PBMC were isolated from 50 ml of peripheral blood by density gradient centrifugation using Ficoll/Hypaque (Biochrom). CD4⁺ T cells were isolated from PBMCs by using a negative CD4⁺ T cell isolation kit (Dynal Biotech). CD4⁺CD25^high T_reg and CD4⁺CD25^low/CD4⁺CD25^int effector T cells (T_eff) were isolated from the pure untouched CD4⁺ T cells using CD25 magnetic beads (Dynal Biotech). Magnetic beads were removed from T_reg using Detachabead CD4 solution (Dynal Biotech). T_reg isolated from the PBMC of nine HCs and seven patients were further separated according to their CD31 expression in CD31⁺ T_reg and CD31⁻ T_reg by the use of a FITC-labeled anti-CD31 mAb and an anti-FITC MultiSort kit (Miltenyi Biotec). Immune magnetic separation constantly yielded highly pure T_reg subsets with >90% CD4⁺CD25^high cells as previously described (Ref. 10 and M. Korporal, M., J. Haas, B. Fritzsching, S. Möller, B. Fritz, C. S. Falk, P. H. Krammer, E. Suri-Payer, and B. Wildemann, submitted for publication). The purity and phenotype of random samples were further tested by intracellular FOXP3 staining that revealed >90% FOXP3⁺ cells in preparations of total T_reg (n = 20, mean 94.7%, range 92.2–98.5% FOXP3⁺) as well as in CD31⁺ T_reg (n = 7, mean 94.5%, range 90.9–96.1% FOXP3⁺) and CD31⁻ T_reg (n = 11, mean 93.4%, range 93.0–96.4% FOXP3⁺). Preparations of T_reg and T_reg subsets isolated from patients and HCs showed similar CD25 and FOXP3 expressions (data not shown). The vast majority of isolated CD31⁺ T_reg expressed CD31 on their surface (mean 96.3%, range 92.4–99.5%), whereas only 4.6% (range 0.2–7.7%) of the CD31-depleted T_reg remained CD31⁺. CD31⁻ T_reg exhibited a memory phenotype (mean 82.5%, range 78.3–92.0% CD45RA⁻CD45RO⁺). In contrast, CD31⁺ T_reg were predominantly naive (mean 68.5%, range 61.1–75.4% CD45RA⁺CD45RO⁻) with <10% memory cells (mean 9.7%, range 5.3–12.7% CD45RA⁻CD45RO⁺) (representative examples showing purity and phenotype of isolated T_reg subsets are shown in Fig. 2).

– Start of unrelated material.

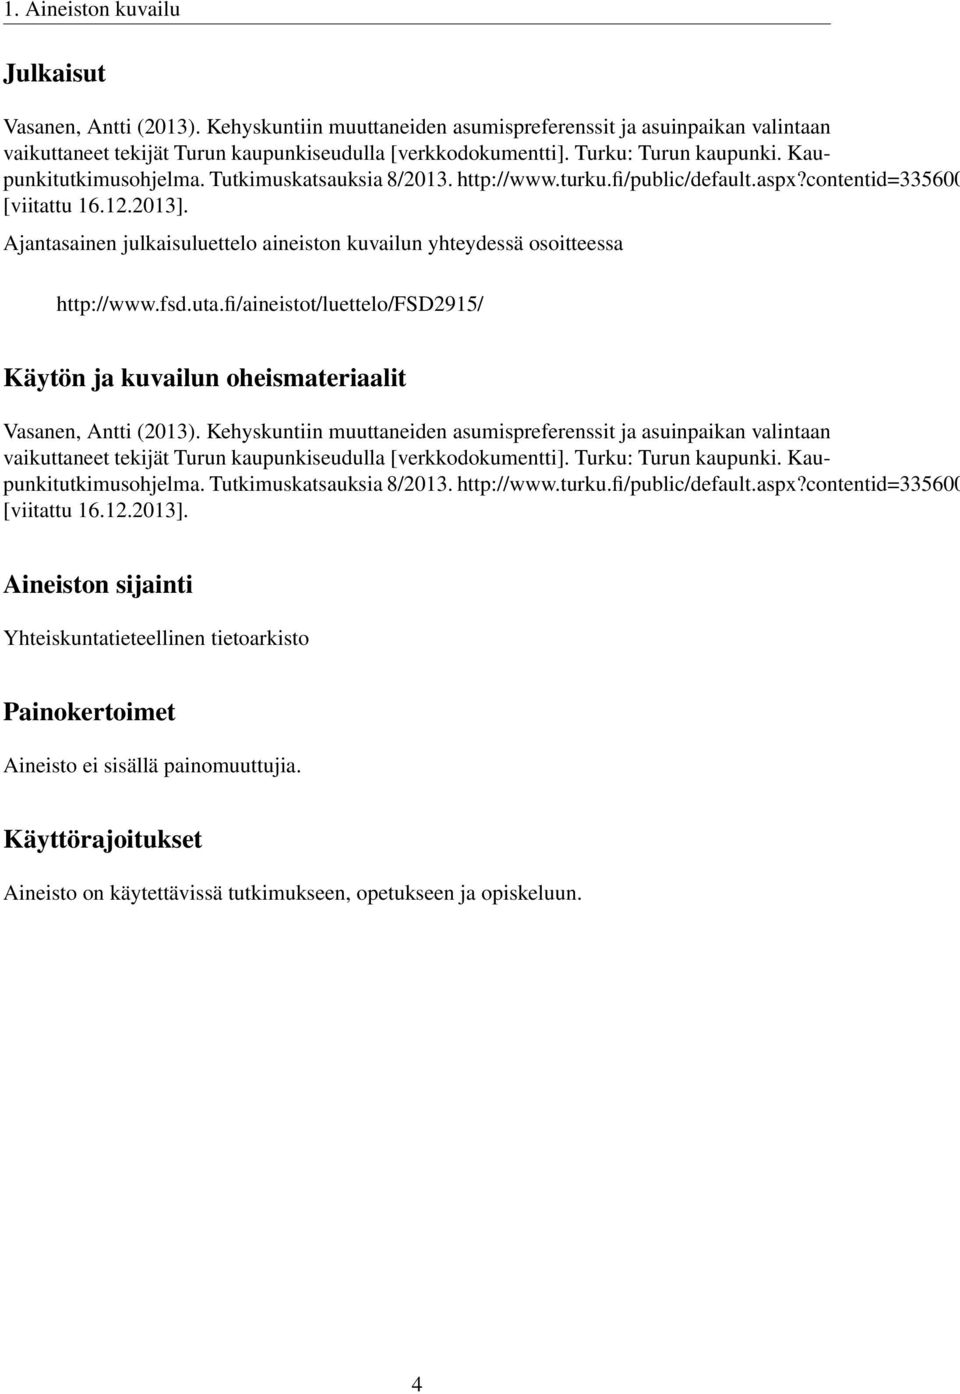 Ajantasainen julkaisuluettelo aineiston kuvailun yhteydessä osoitteessa http://www.fsd.uta.fi/aineistot/luettelo/fsd2915/ Käytön ja kuvailun oheismateriaalit Vasanen, Antti (2013).

Freshly isolated T_eff (10⁵) were incubated in 96-well plates (Nunc) in 200 μl of culture medium alone or in 4:1 coculture with 2.5 × 10⁴ total T_reg or T_reg subsets. For TCR stimulation, soluble anti-CD3 (1 μg/ml) and anti-CD28 mAbs (1 μg/ml) were added to the culture medium. After 4 days at 37°C in 5% CO₂, 1 μCi of [³H]thymidine per well was added for an additional 16 h. Proliferation was measured using a scintillation counter. Inhibition rate (percentage) of T_reg in coculture experiments was defined as [1 − [³H]thymidine uptake (cpm) within a T_reg plus T_eff coculture ÷ cpm of T_eff alone] × 100. Each experiment was performed in triplicate. The CD3 and CD28 mAbs used for cell culture experiments were purified from hybridoma supernatants by protein A affinity purification as described (25). Cell culture medium and mAbs were endotoxin free (<10 pg/ml) as assessed by a Limulus assay (Sigma-Aldrich).

Genomic DNA was extracted from 2 × 10⁵ T_reg or T_reg subsets by the use of a DNAzol solution (Invitrogen Life Technologies) according to the manufacturer’s recommendations. The numbers of TRECs in T cell subsets were determined by real time PCR as described previously (21). Results were expressed as TRECs per 10⁶ cells.

We performed CDR3 spectratyping to determine the TCR Vβ repertoire in patient and HC T_reg and T_eff. Total RNA was isolated from 2 × 10⁵ T_reg or 10⁶ T_eff using Absolutely RNA Microprep kit (Stratagene) according to the manufacturer’s protocol and converted to cDNA by a SuperScript first-strand synthesis kit (Invitrogen). Amplification of the entire group of 24 TCR V subfamilies was conducted with 24 Vβ-specific primers and one primer recognizing the C region (26, 27). One hundred nanograms of cDNA from each T_eff and T_reg sample was amplified in eight parallel PCRs each containing a set of three different Vβ primers respectively and the C-primer, which was 6-FAM-labeled for CDR3 spectratyping. Size distribution of fluorescent PCR products was determined by laser-induced capillary electrophoresis using an automated DNA analyzer (A310; Applied Biosystems) and GeneScan software (Applied Biosystems). Normal transcript size distribution consists of eight peaks for each V subfamily (28). Complexity within a V subfamily was determined by counting the number of peaks per subfamily. The complexity score (CS) was calculated as the summation of the scores of all 24 subfamilies. The maximum score would be 192.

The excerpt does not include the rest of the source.